I don't want to install this extension, and I don't want you faggots stretching the shit out of my board. - Refer to the second problem. Since files can only be contained within a thread that contains "PBBCFEF" in the subject line, you can simply use the 4chan Thread Filter greasemonkey script to filter them out automatically. If you don't have this extension, what the fuck is wrong with you? Go download it.
So, to recap, things that need to be worked on before this is finished:
1. A list of 163 Unicode characters that Shiichan can print
2. A program that can convert a file into a string of corresponding characters and back
3. A program that can convert a file into a collection of PBBCFEF-compatible posts and automatically upload the posts to a thread on 4chan using HTTP-POST
4. A browser extension that can convert a sequence of PBBCFEF strings into a binary file and provide a link.
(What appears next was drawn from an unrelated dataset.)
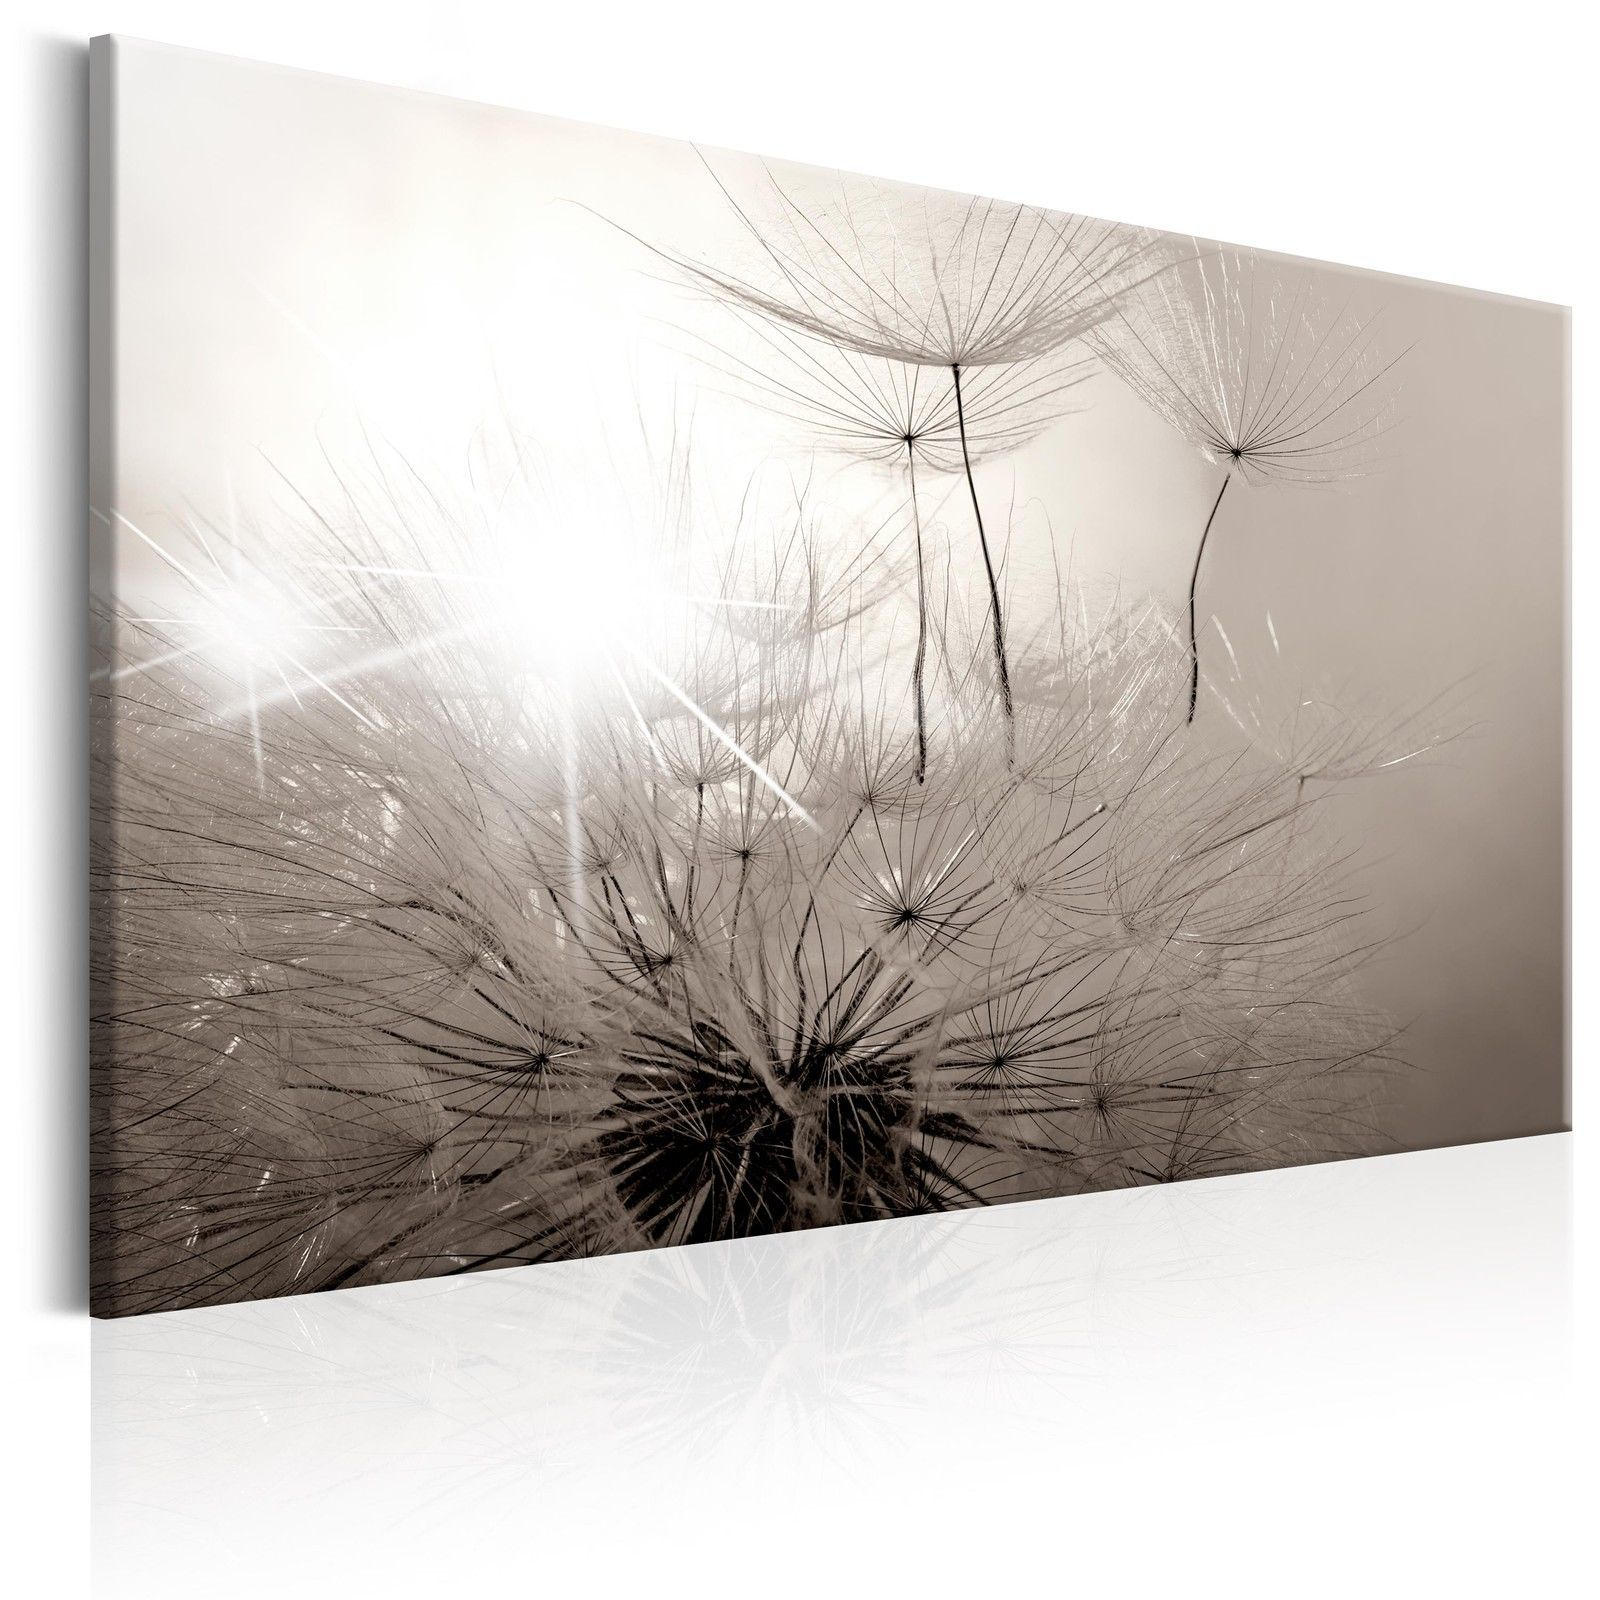 Vlies Leinwand Bilder Wandbilder Pusteblume Natur Grau Schwarz Weiß B B 0241 B A Ebay Bild Pusteblume Wandbilder Bilder

A potential addition to the standard later down the road would be to use 12 bits per character, allowing for approximately 1.5 times more data to be stored post. PBBCFEF-12 would, however, take a long time to implement, since I'd have to hunt down 3841 more printable unicode characters. I think I'll stick to PBBCFEF-8 for now.
Yes, I am going to potentially spend the rest of my vacation working on this. Got a problem with it? If you'd like to make any suggestions or correct math errors, feel free.